Несколько человек, прислушивающихся к их разговору, молча кивнули: все без исключения сверху-вниз. Догадливым был не один он – произошедшее действительно запомнили почти все.
Остаток этого дня прошел без каких-либо новых происшествий; во всяком случае, без чего-то, что не укладывалось бы в местное понятие нормы. Лейтенант появился еще минут через тридцать, очень довольный. Бездельничанье солдат уже начало обращать на себя неодобрительное внимание проходящих мимо офицеров – в штабе полка их неожиданно оказалось больше, чем имелось в паре находившихся на позиции батальонов, поэтому нехорошее оценивающее внимание, повисшее в воздухе, было взаимным. Построив своих солдат, лейтенант приказал двигаться. Взвод вернулся назад той же дорогой, причем последние две мили командир заставил их бежать, и даже побежал рядом. Возможно, лейтенант просто замерз и пытался таким образом согреться, но некоторые пришли к выводу, что он выслуживается перед командиром батальона и командиром своей роты, могущими увидеть их бегущий в полном порядке и в отличном темпе взвод со своих холмов.
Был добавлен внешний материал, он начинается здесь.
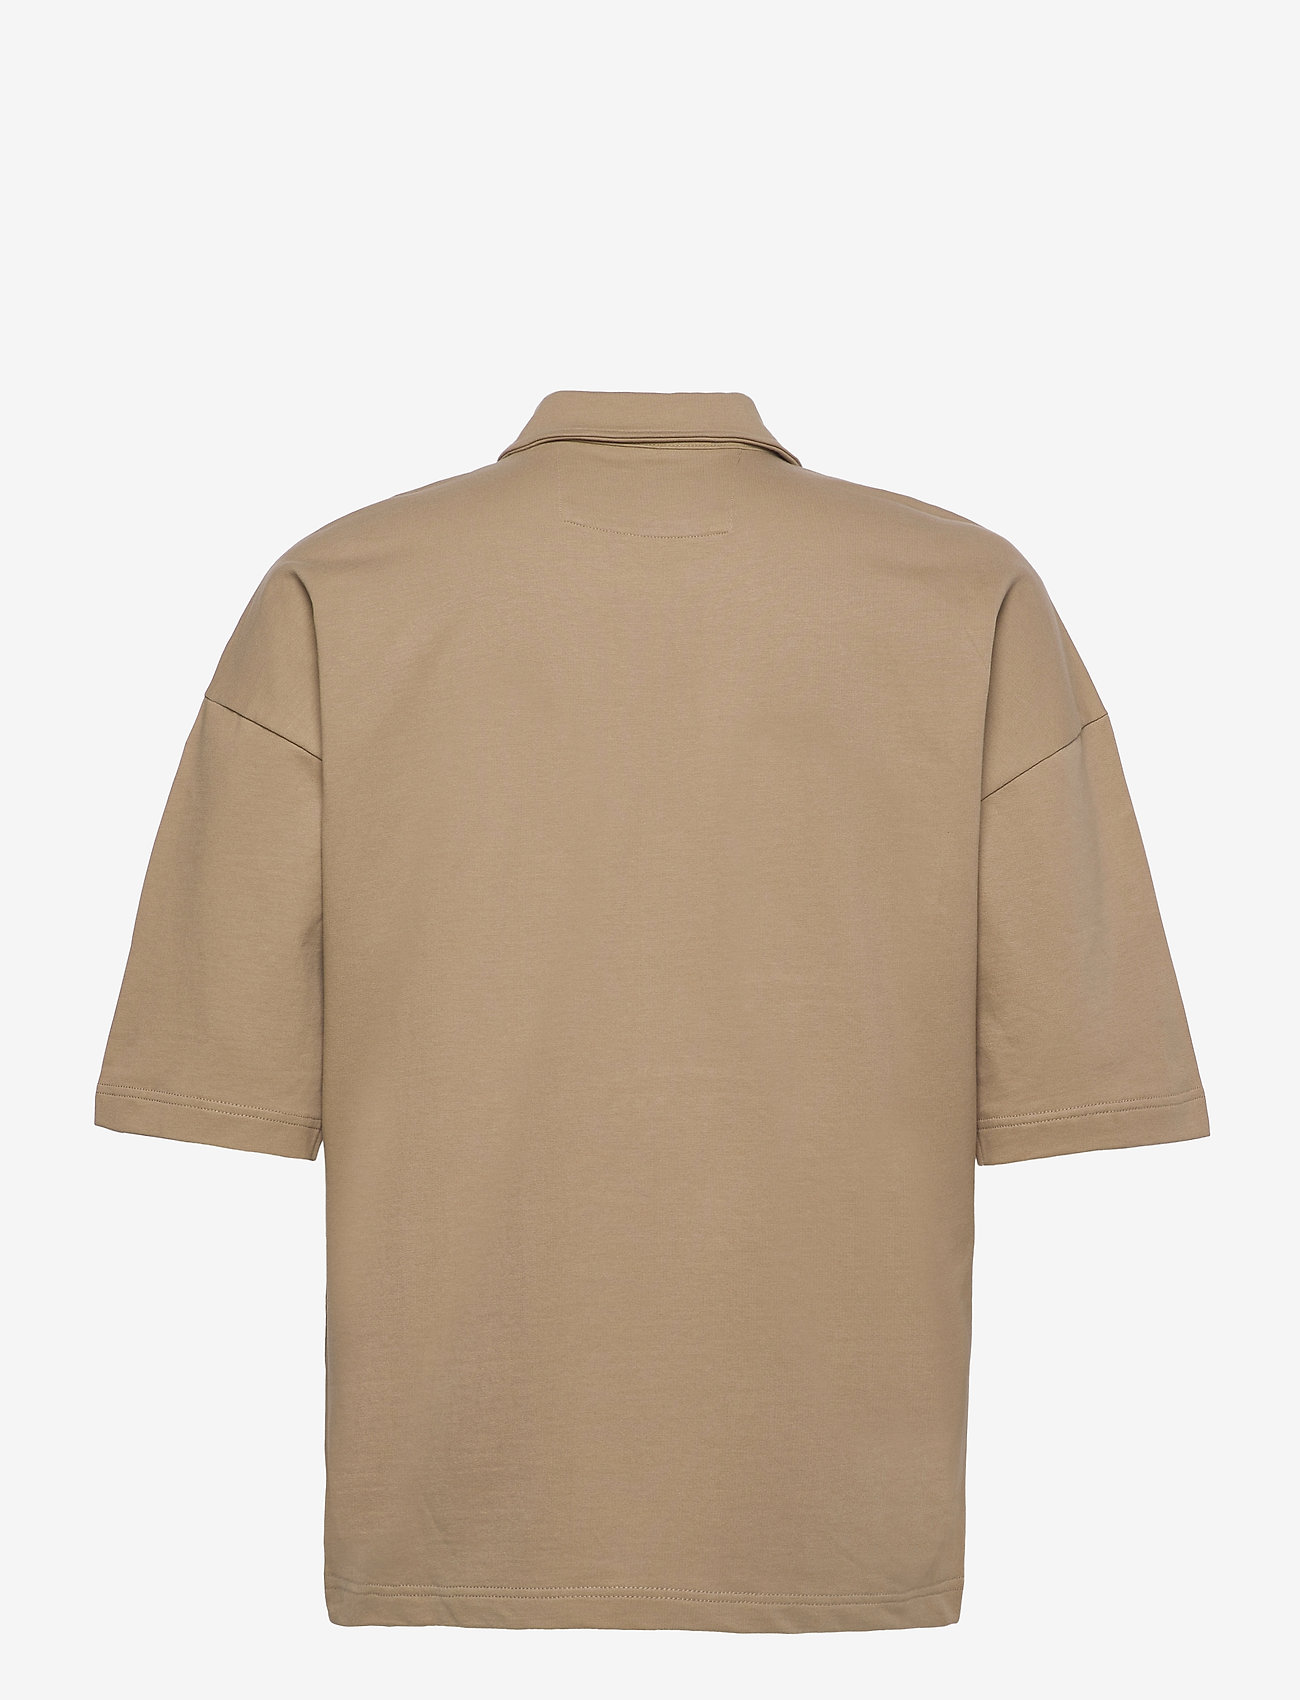 ONLY & SONS - ONSLEE  OVZ UTILITY ZIP SS SWEAT - koszule lniane - chinchilla - 1

«Дома» солдаты взвода не слишком распространялись о произошедшем. У всех осталось ощущение, будто их обманули, а ведь еще Марк Твен отлично описал, что чувствует человек, когда у него есть возможность быть обманутым не одному.
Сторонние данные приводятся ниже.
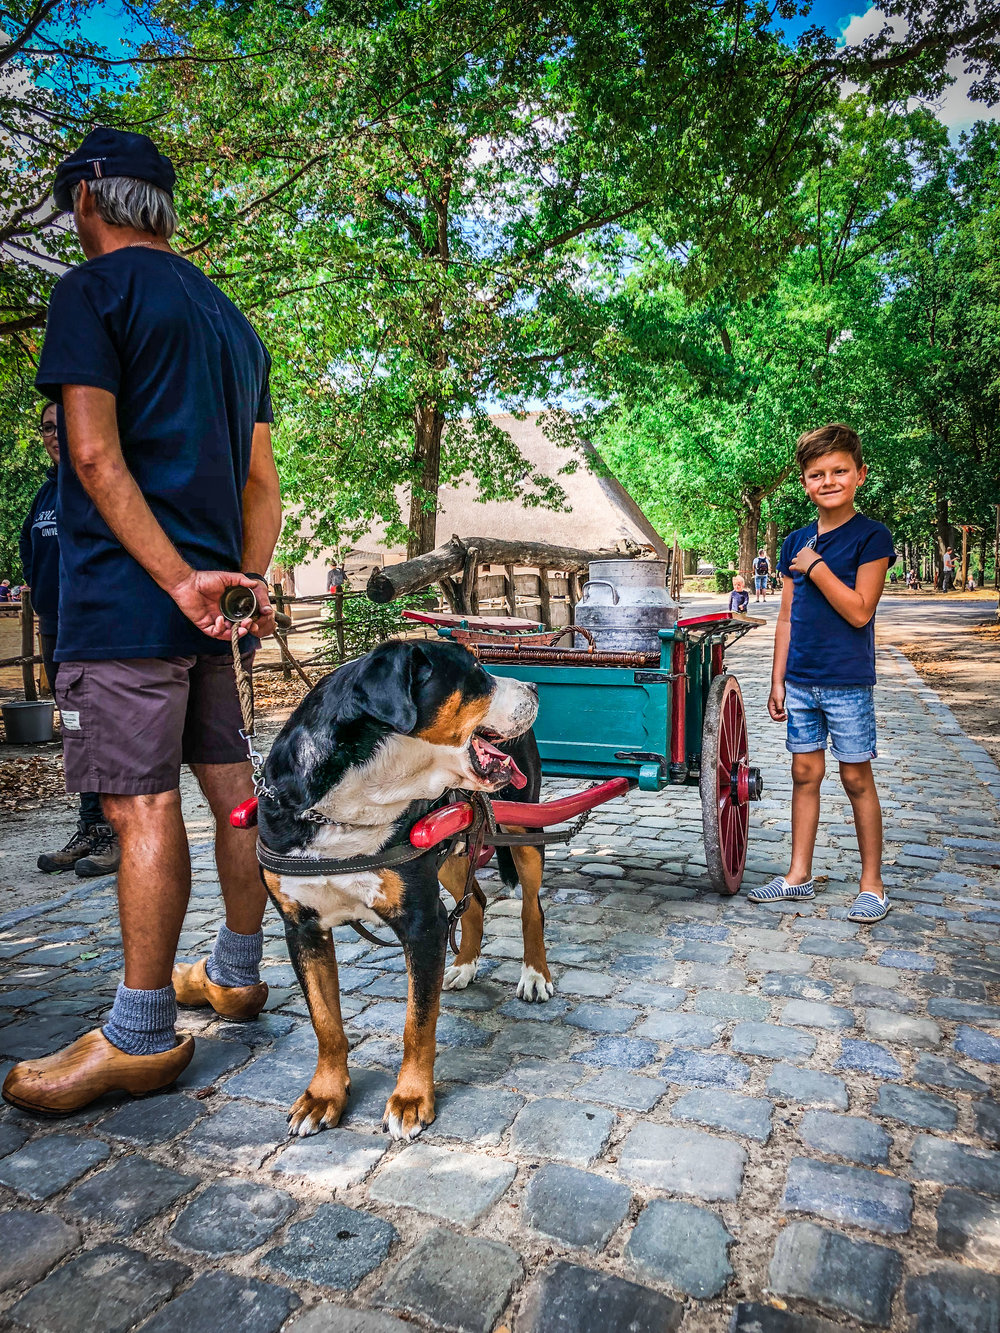 Bokrijk - Hondenkar

– Еда хреновая, стоило столько о ней разговаривать, а занятия... Ну, сами увидите, – буркнул Мэтью подошедшему к нему уже от кого-то другого солдату из 2-го взвода, располагавшегося в блиндаже всего ярдах в двухстах от их собственного. – Дай поспать, будь человеком, ладно?
На следующий день, пользуясь относительной свободой, которую ему давала должность снайпера роты, а вдобавок заручившись разрешением ее командира и прилагающимся к этому документом, Мэтью в одиночку снова проделал весь путь до штаба полка. Там он провел четыре с лишним часа в оружейной мастерской, отлаживая механику винтовки вдвоем с замасленным оружейным мастером. Мастер отличался удивительно тихим для его профессии голосом и огромными пышными усами, вызывавшими воспоминания о портретах времен Американо-испанской и Американо-мексиканской войн прошлого века. Поразмышляв, Мэтью решил ни о чем не спрашивать у людей, находящихся близко к штабу, а вместо этого понаблюдать самому – не слишком напряженная работа, которой утруждал себя оружейник, вполне такое позволяла.
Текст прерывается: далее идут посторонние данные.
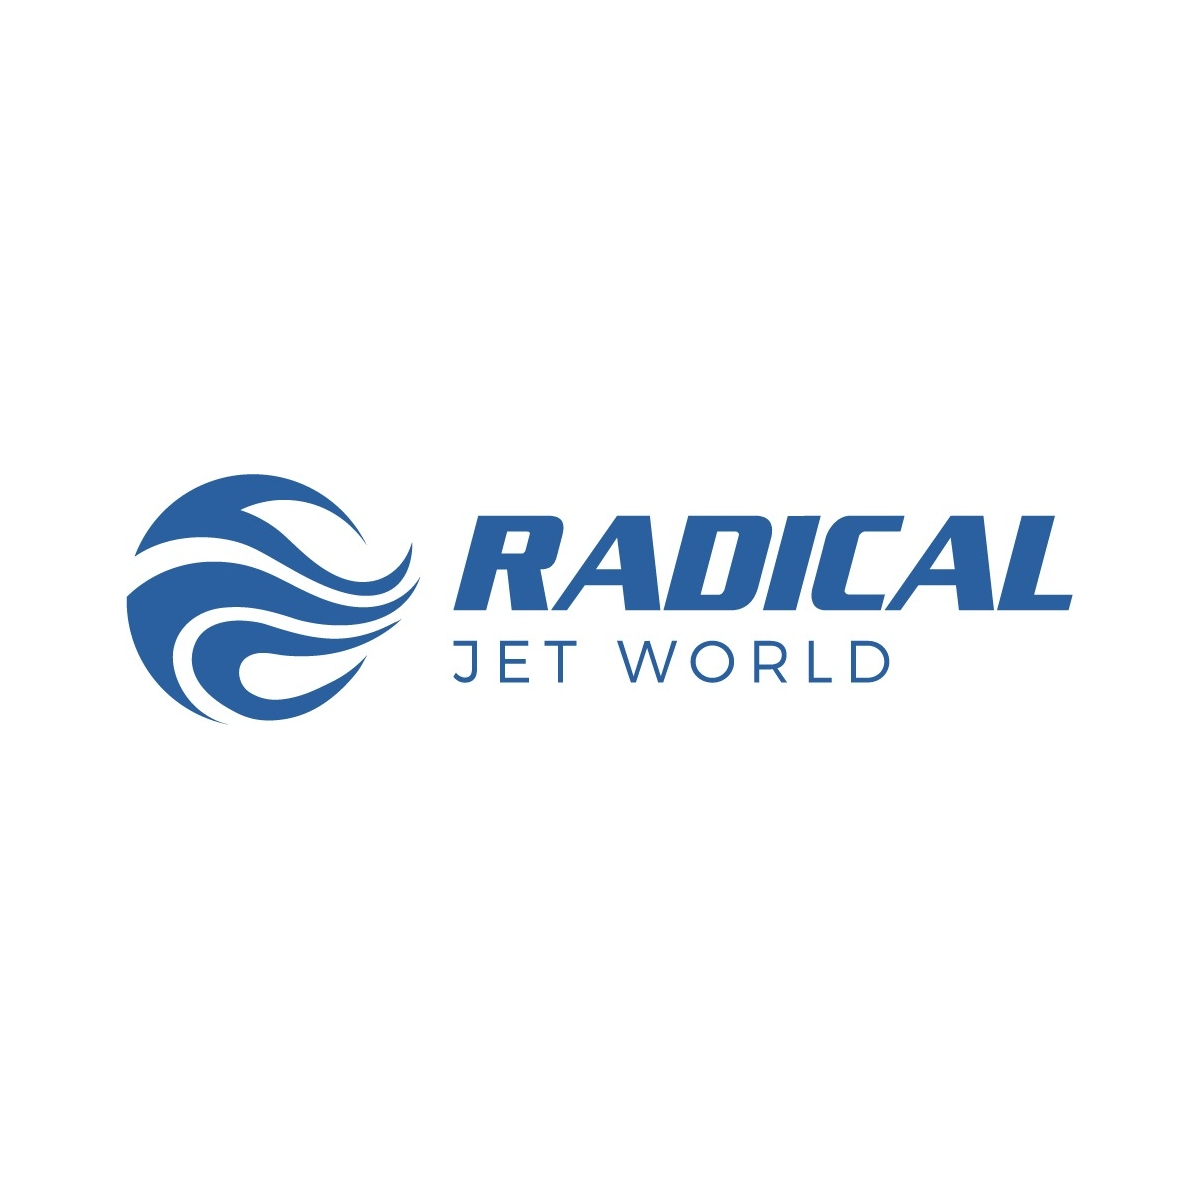 Cachimbo de Vela para Jet Ski Sea doo 4 tempos (bobina) Radical  - Radical Peças - Peças para Jet Ski

К его удивлению, 2-й взвод их роты вышел с занятий где-то уже в час после полудня, и в весьма хорошем настроении. Комвзвода быстро обеспечил им обед, потом солдаты провели около двух часов в клубе, где им организовали внеочередной киносеанс, а потом построились, собираясь возвращаться обратно. К этому моменту Мэтью, козырнув лейтенанту, пристроился сюда же. Бежал взвод всю дорогу, но груза на солдатах имелось немного, и они преодолели дистанцию, ни разу не замедлив темпа, а остатка сил после финиша хватило бы, чтобы немедленно вступить в бой. Именно так и полагалось бегать пехотинцам.
– Ну... Сначала минут сорок какой-то придурок брызгался слюной, уговаривая нас лучше защищать вынесенные за море рубежи обороны родной Америки от коммунистической угрозы, – рассказал ему знакомый рядовой, с удовольствием затягиваясь дармовой сигаретой. – А потом еще часа полтора такой худой высокий химик рассказывал всякие тонкости про противогазы и про то, как узнать, зарин по тебе применяют или зоман. Ну и так далее. Мне показалось – интересно. Еда, это вы верно рассказали, – такая же паршивая, как и здесь. Зато кино было, и я такую медсестру у штаба видел – едва ходил потом, согнувшись. Вот и все. А что, у вас разве что-то иначе было?
– Ну, не то чтобы иначе... – пожал плечами Мэтью. – Если медсестру не считать.
– Да, это мне повезло, – засмеялся солдат. – Блондинка! Я и говорю – все лучше, чем сидеть в блиндаже и учить «кэтьюс» английскому языку: будто им делать больше нечего.
Обменявшись еще несколькими фразами с разговорчивым и веселым от пережитого впечатления рядовым, Мэтью ушел к себе и остаток дня провел, пытаясь уснуть. С четырех часов утра следующего дня, то есть 25 февраля, он вместе со своим новым «вторым номером» был уже на передовых позициях хорошо к этому времени знакомого ему батальона корейской 3-й дивизии. С помощью четверых корейских солдат, по крайней мере один из которых мог довольно сносно объясняться на английском языке, они подобрали подходящее место на нейтральной полосе, ярдах в 60 перед передовой траншеей, и обустроили там подходящую лежку.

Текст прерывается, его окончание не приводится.